ところで、ウィッチャーという作品は魔法使いもウィッチャーも年を取らないので、時間の経過は主にセリフで読み取ることになる。
原作でもキャラクターごとに時間軸の差をつけたり、ゲラルト目線で話が進んでいてもさりげなく回想が挟み込まれたりして、注意して読まないと時系列迷子になることがあった。
ドラマでも原作の手法を踏襲しているようだ。
時間軸トリックで仰天したのはドラマ『ウエストワールド』で、時間軸の見せ方で好きだったのは伊坂幸太郎さんの『砂漠』だったなと唐突に思い出した。
今回の好きなシーン
ゲラルトの入浴シーン…ではなく、キャランセにウィッチャーの数が減った理由を問われたゲラルトが「ケィア・モルヘンを襲撃され仲間を創れなくなったから」と答えるところ。好きなシーンというより気になるシーン。ケィア・モルヘンはウィッチャーの訓練所のような場所で、ウィッチャー候補の子供たちが修行したり変異を遂げたりしていた。

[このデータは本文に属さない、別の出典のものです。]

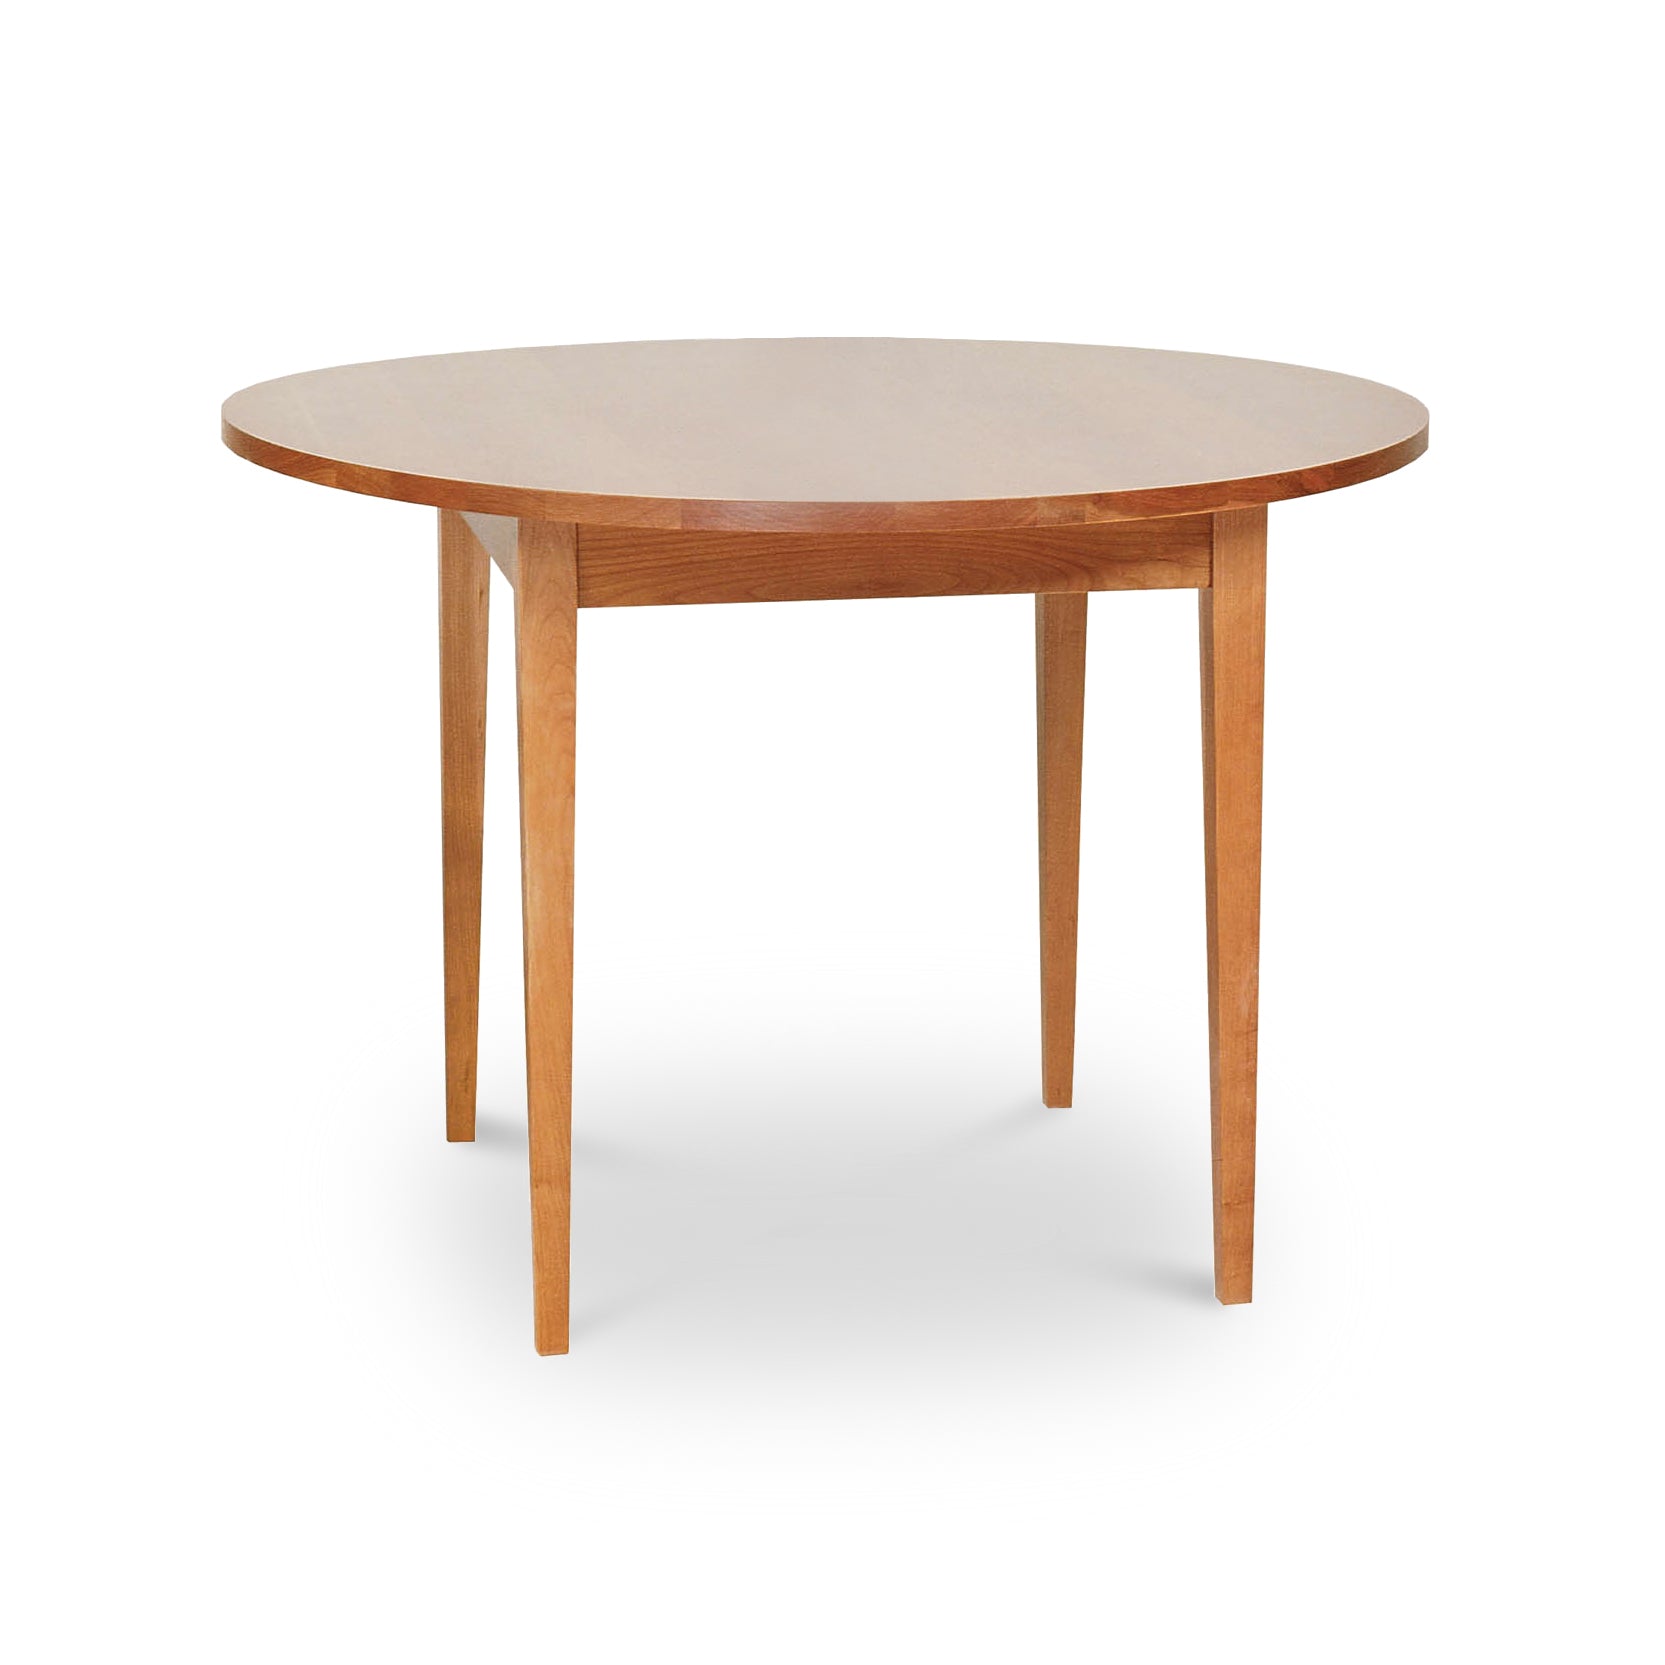 A Classic Shaker Round Solid Top Dining Table, handmade by Lyndon Furniture in Vermont, with wooden top and legs.

ドラマの時間軸では、第1話で名前だけ出たヴェセミルがおそらくケィア・モルヘンに唯一定住しているウィッチャーだと思われる。
ケィア・モルヘンが襲撃されたのはかなり昔のことなのか、実際に何が起きたのかはどこにも書かれていない。ドラマでもスピンオフでもゲームでも何でもいいので、いずれ詳細が明らかになることを期待。